Рассказ о редакционных буднях не входит в мою задачу. Да и в памяти остались только человеческие отношения, о которых была уже речь. Для того чтоб говорить об этом подробно, надо было бы писать на этом материале полноценную художественную прозу, а я никогда не чувствовал себя прозаиком — хоть и никогда не относился к прозе свысока, как свойственно многим представителям поэтического цеха. Да и задачи у меня, сформулированные мной в начале этих мемуаров, иные.
Не поговорить напоследок чуть более подробно еще об одном человеке в редакции — об уже не раз тут упоминавшемся ответственном редакторе нашей газеты Федоре Федоровиче Боярском, я просто не считаю возможным. Да и сюжет не позволит.
Безусловно, Федор Федорович Боярский, к которому я всегда относился и теперь отношусь с симпатией, был человеком системы. И при всем том он был хорошим, достойным и надежным человеком. Противоречие? Возможно.

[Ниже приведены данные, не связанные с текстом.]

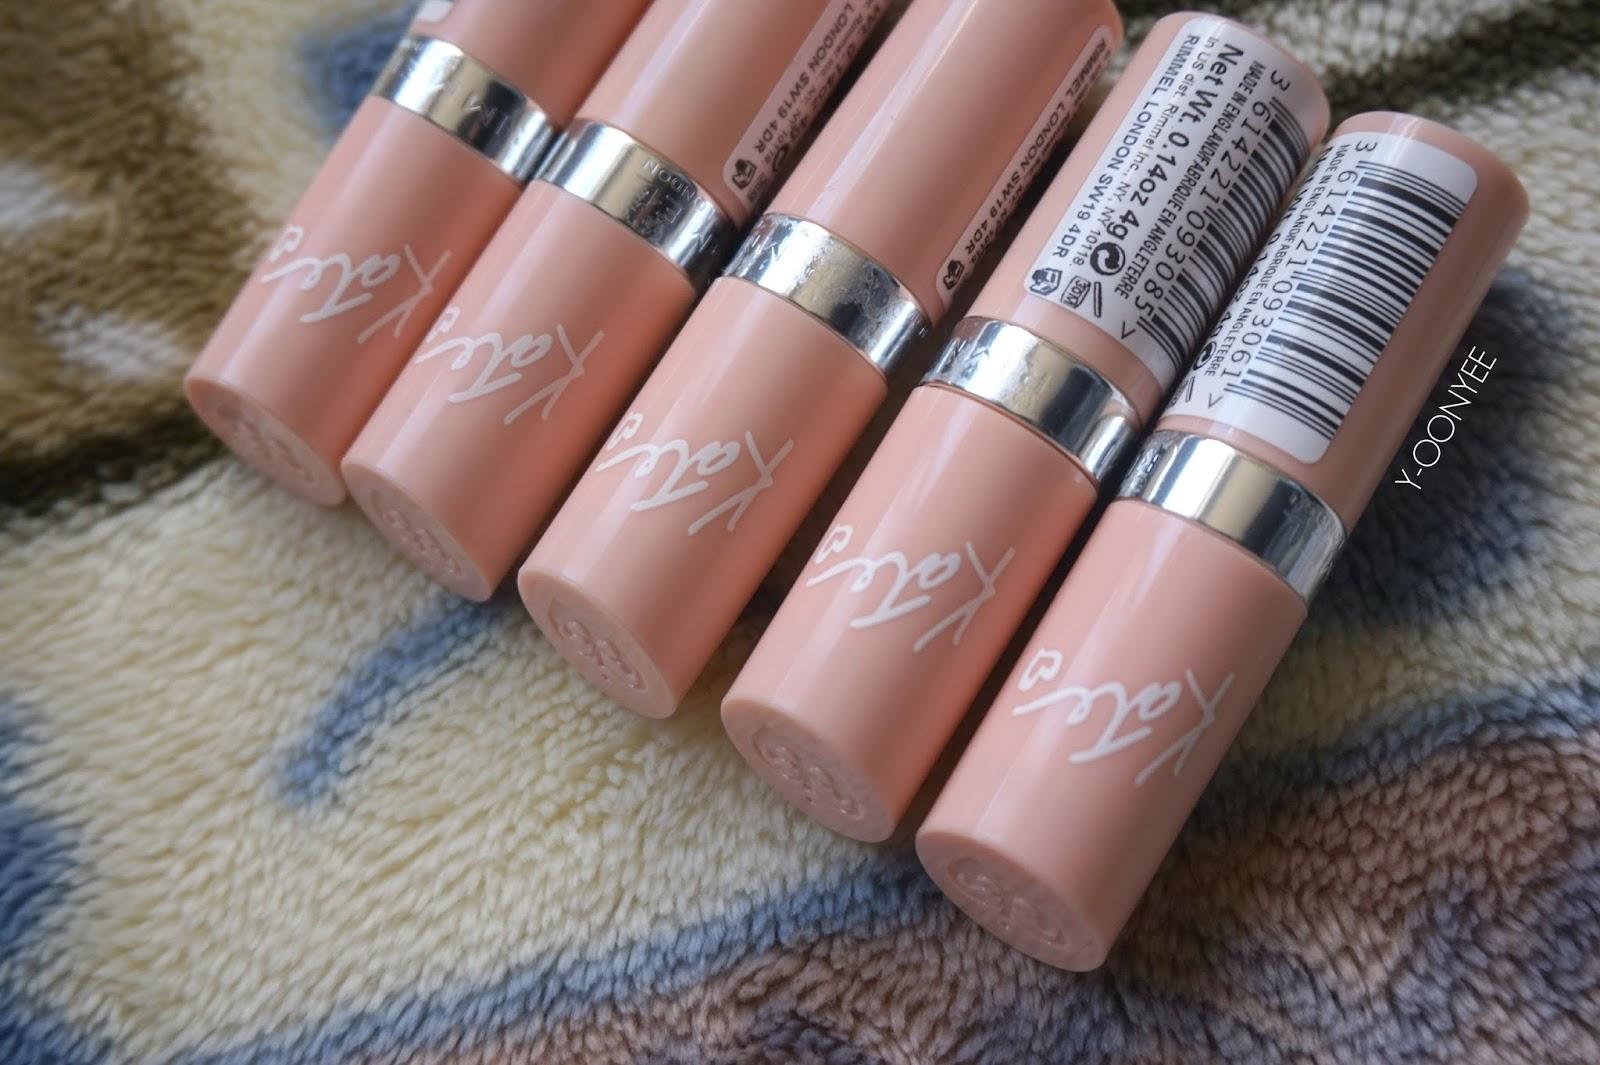 Rimmel provokativer nude Lippenstift
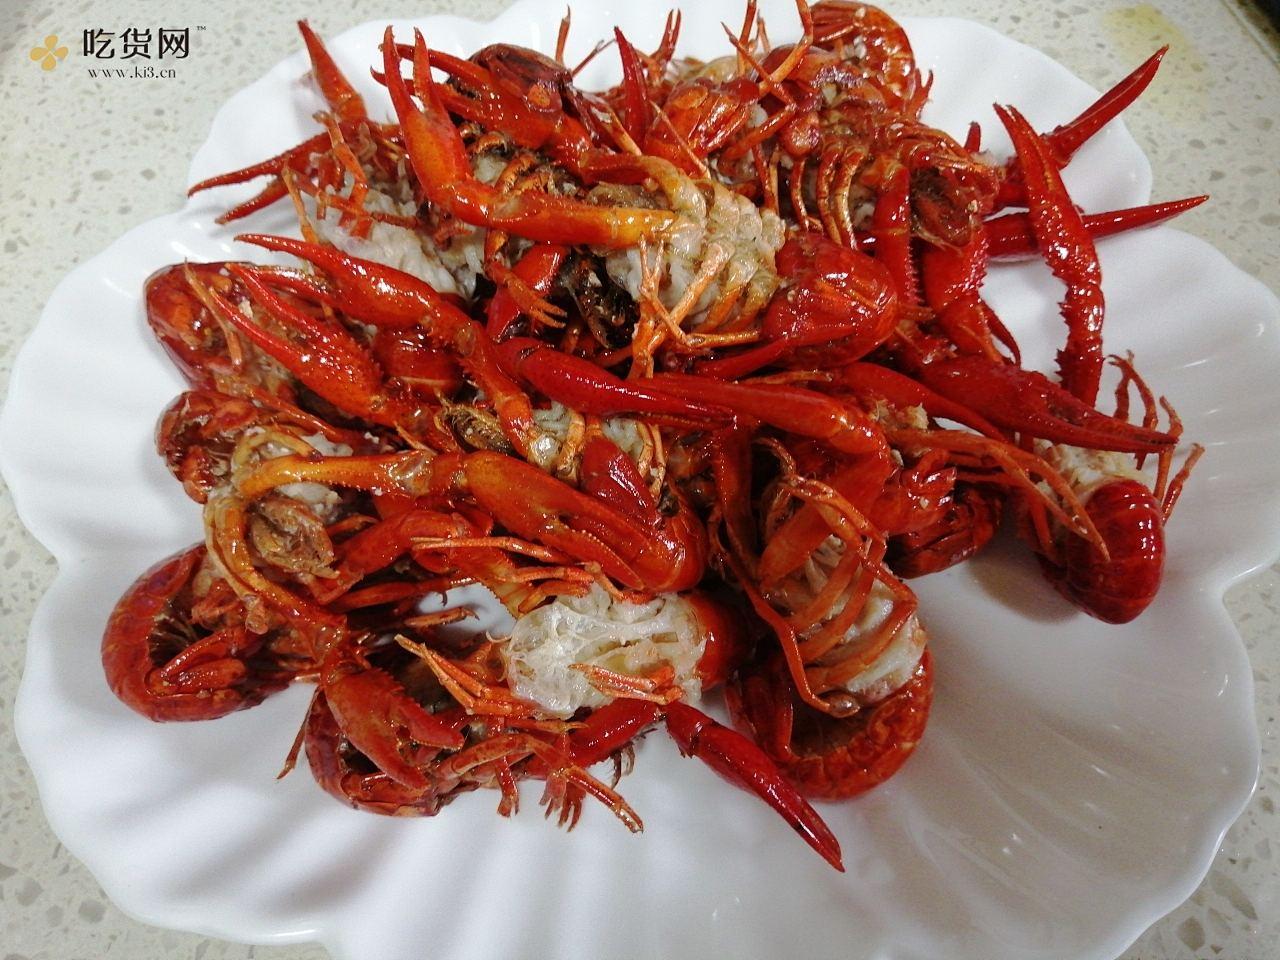 好吃到爆的蒜香小龙虾的做法 步骤6

Хочу только напомнить, что вне системы в нашей стране не было ничего. Когда-то я говорил, что коммунизм (имелся в виду первоначальный, подлинный коммунизм) страшен еще и тем, что часто (отнюдь не главным образом и не только) привлекает к себе людей бескорыстных, расположенных к добру, и превращает их во врагов человечества. Сталинщина в основном таких людей отталкивала, но выдавала себя за воплощение их идеализма, при этом выхолостив из него всякий смысл — но для камуфляжа хватало. Больше всего ей подходили исполнительные ничтожества. Ничтожества она и привлекала, им открывала все дороги. Но система потому и была тоталитарной, что пронизывала и подменяла всю жизнь страны, а для новых поколений и всю ее мысль, все представления об истории. Все жизненные дороги были связаны с ней, и привлекала она к себе не только ничтожеств… Многих из таких она потом все равно превращала в ничтожеств. Но все-таки не всех до конца.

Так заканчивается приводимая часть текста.